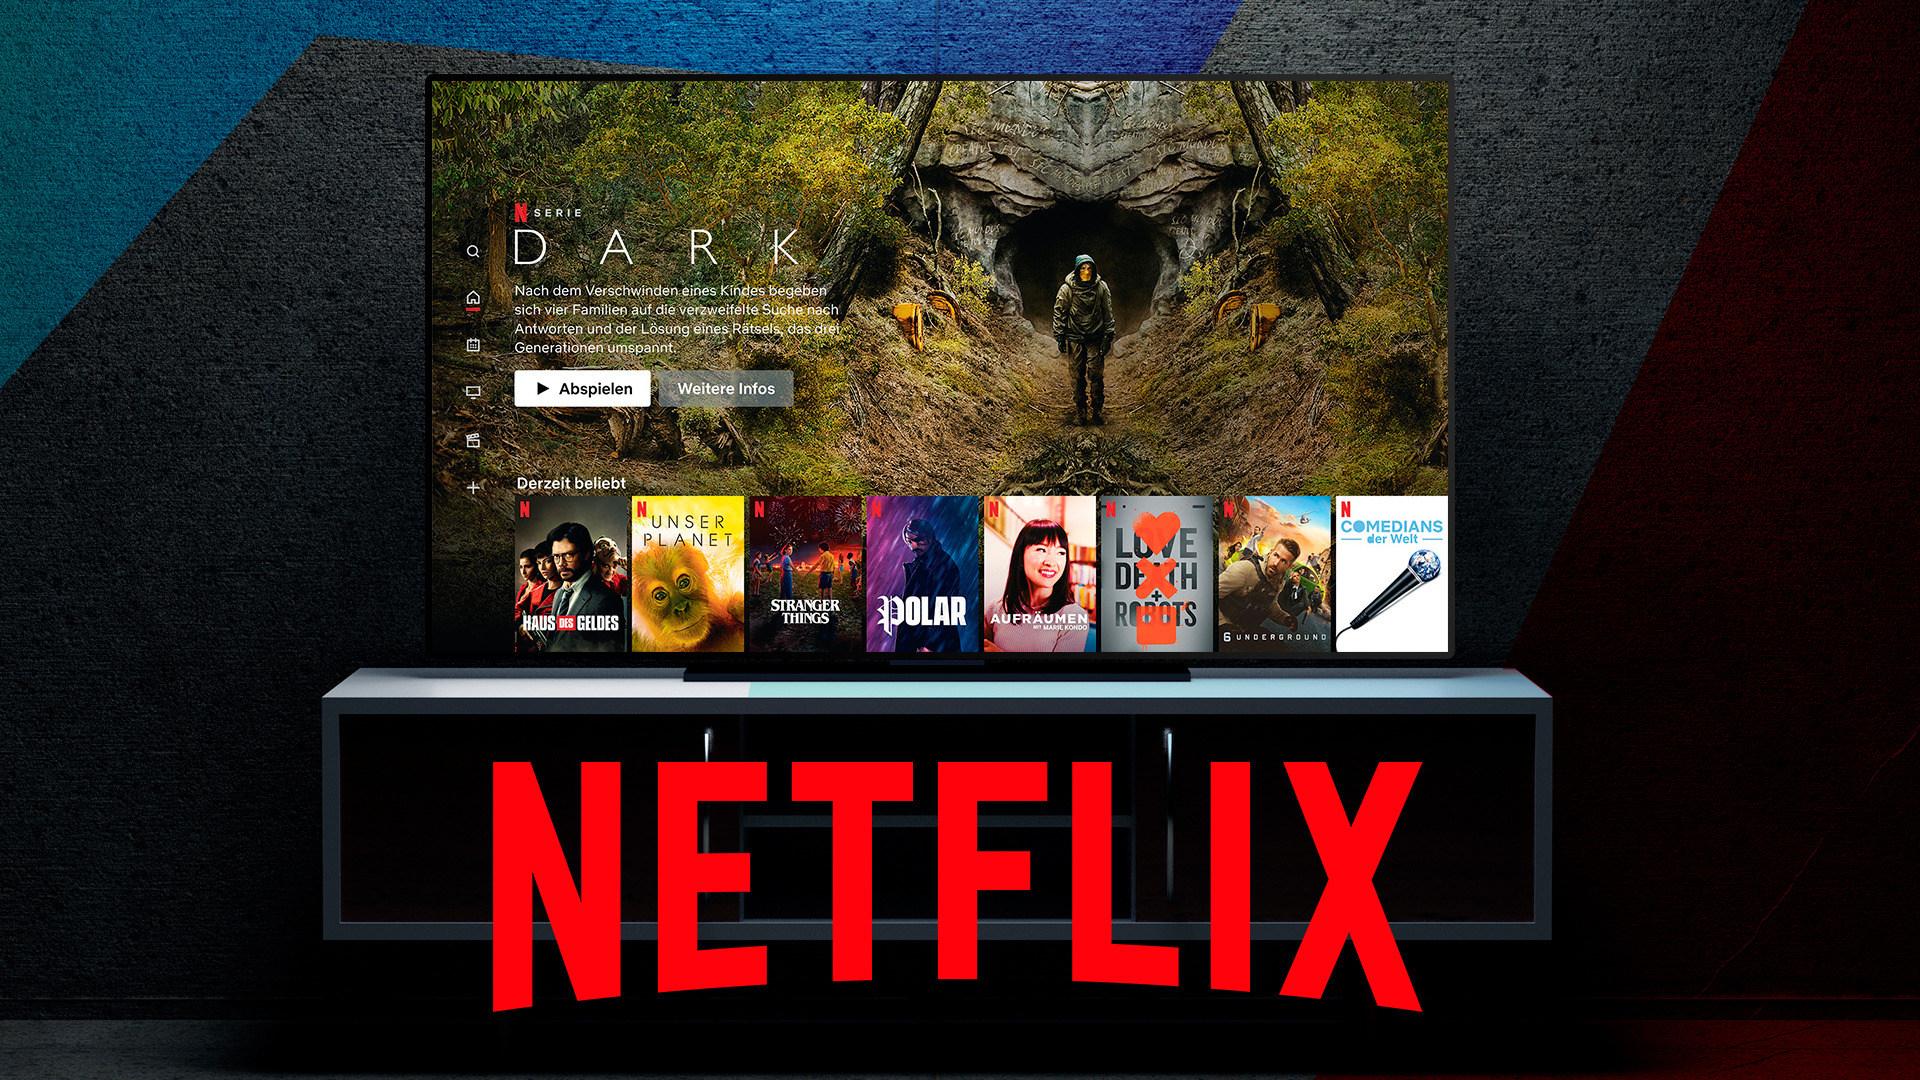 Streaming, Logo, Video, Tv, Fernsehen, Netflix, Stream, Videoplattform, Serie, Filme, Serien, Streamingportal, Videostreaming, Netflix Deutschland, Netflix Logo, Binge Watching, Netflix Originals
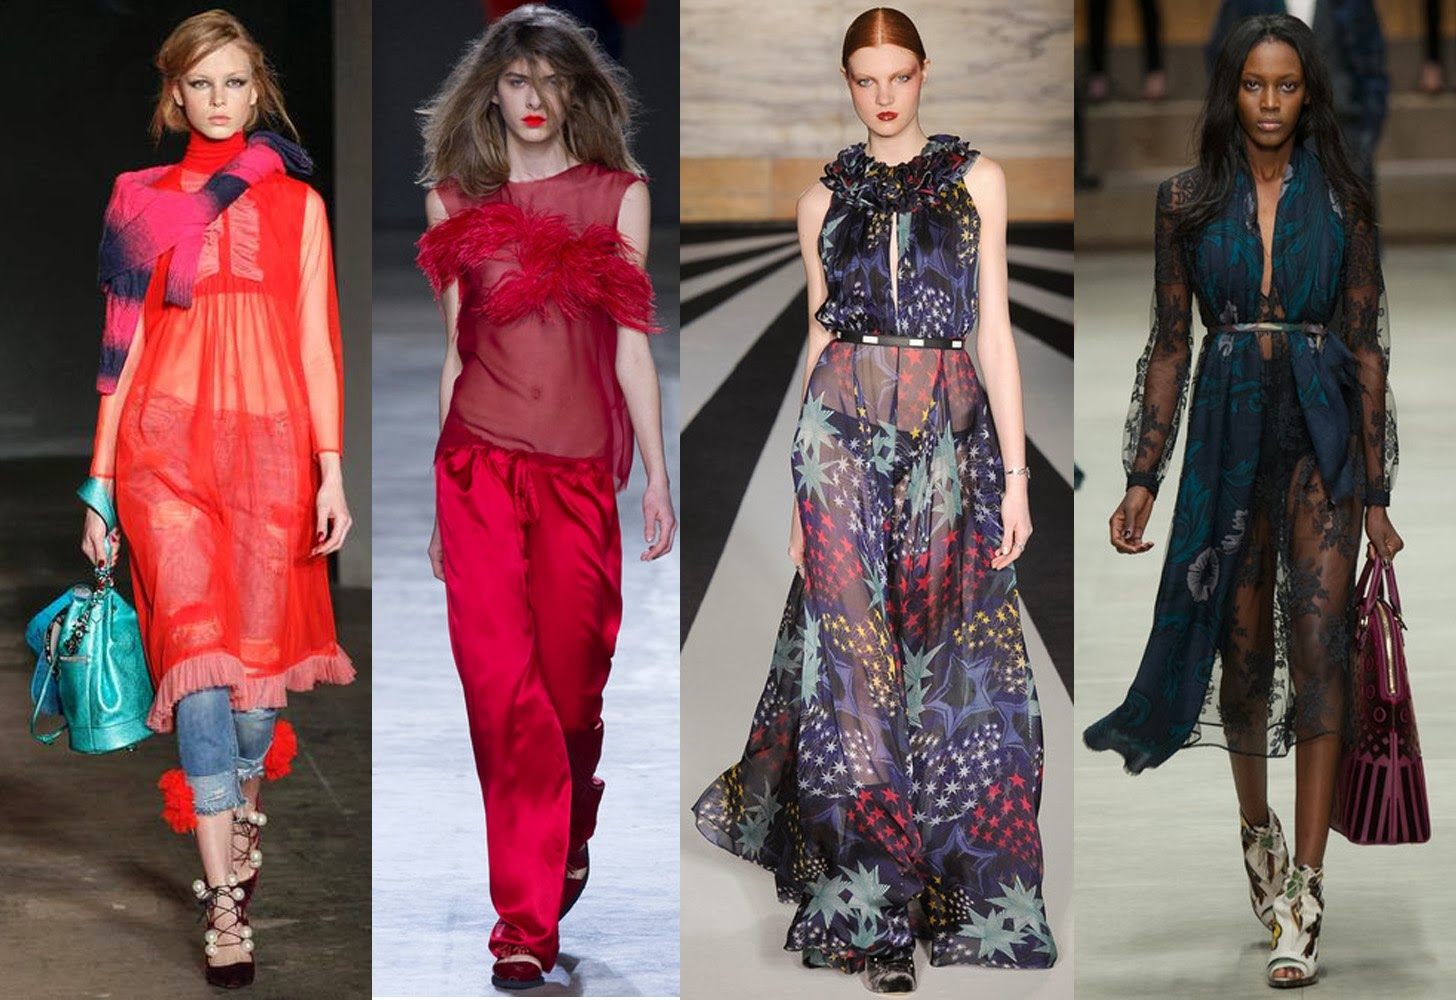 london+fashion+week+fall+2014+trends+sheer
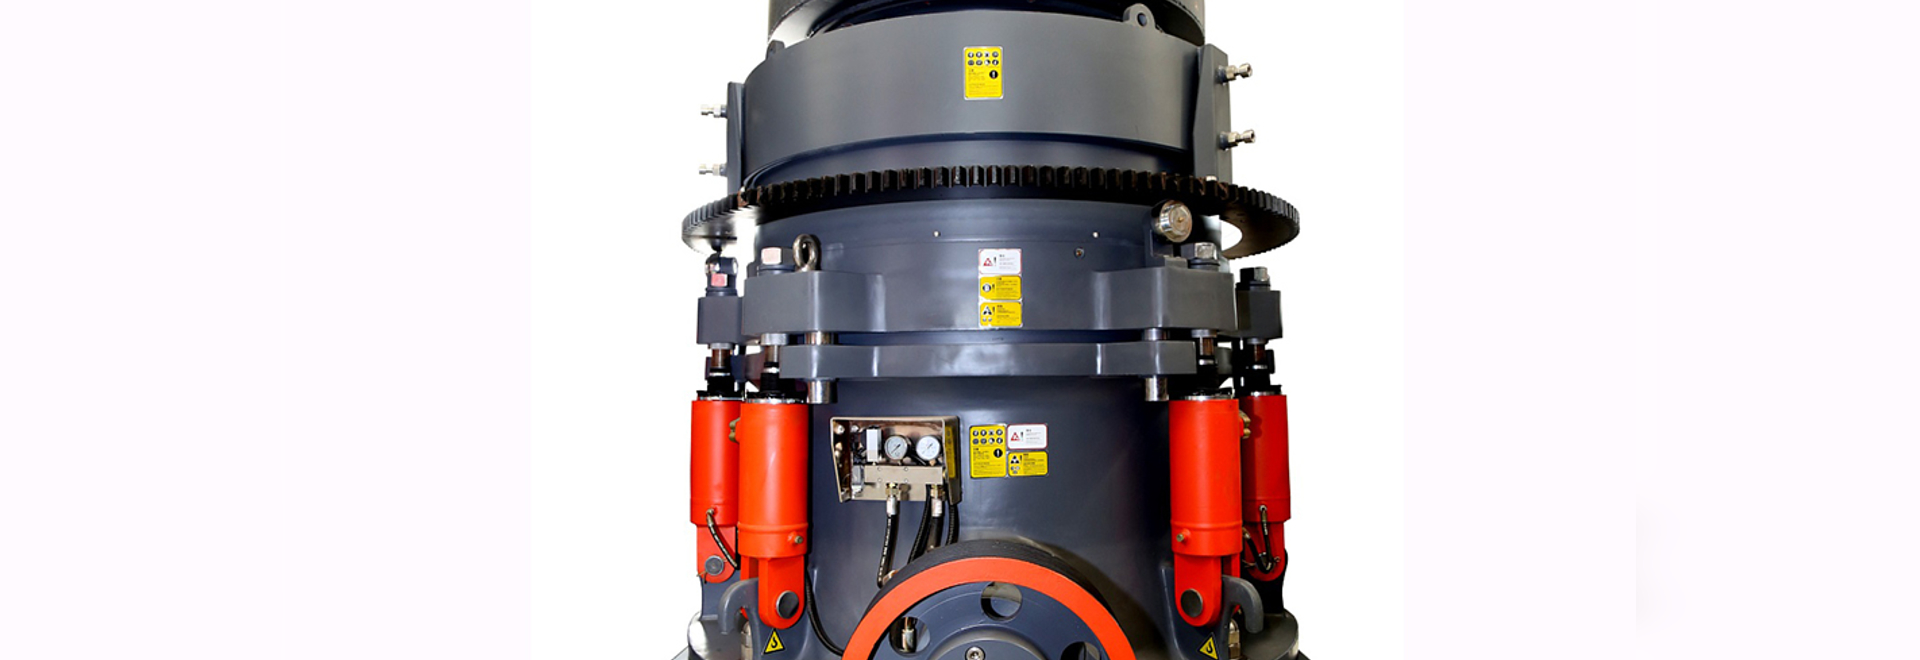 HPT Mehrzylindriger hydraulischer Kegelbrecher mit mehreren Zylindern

• _TASK TO COMPLETE_: Please retype the whole listing above word for word and drop the pictures.

• _OUTPUT OF THE TASK_:
 Streaming, Logo, Video, Tv, Fernsehen, Netflix, Stream, Videoplattform, Serie, Filme, Serien, Streamingportal, Videostreaming, Netflix Deutschland, Netflix Logo, Binge Watching, Netflix Originals
 london+fashion+week+fall+2014+trends+sheer
 HPT Mehrzylindriger hydraulischer Kegelbrecher mit mehreren Zylindern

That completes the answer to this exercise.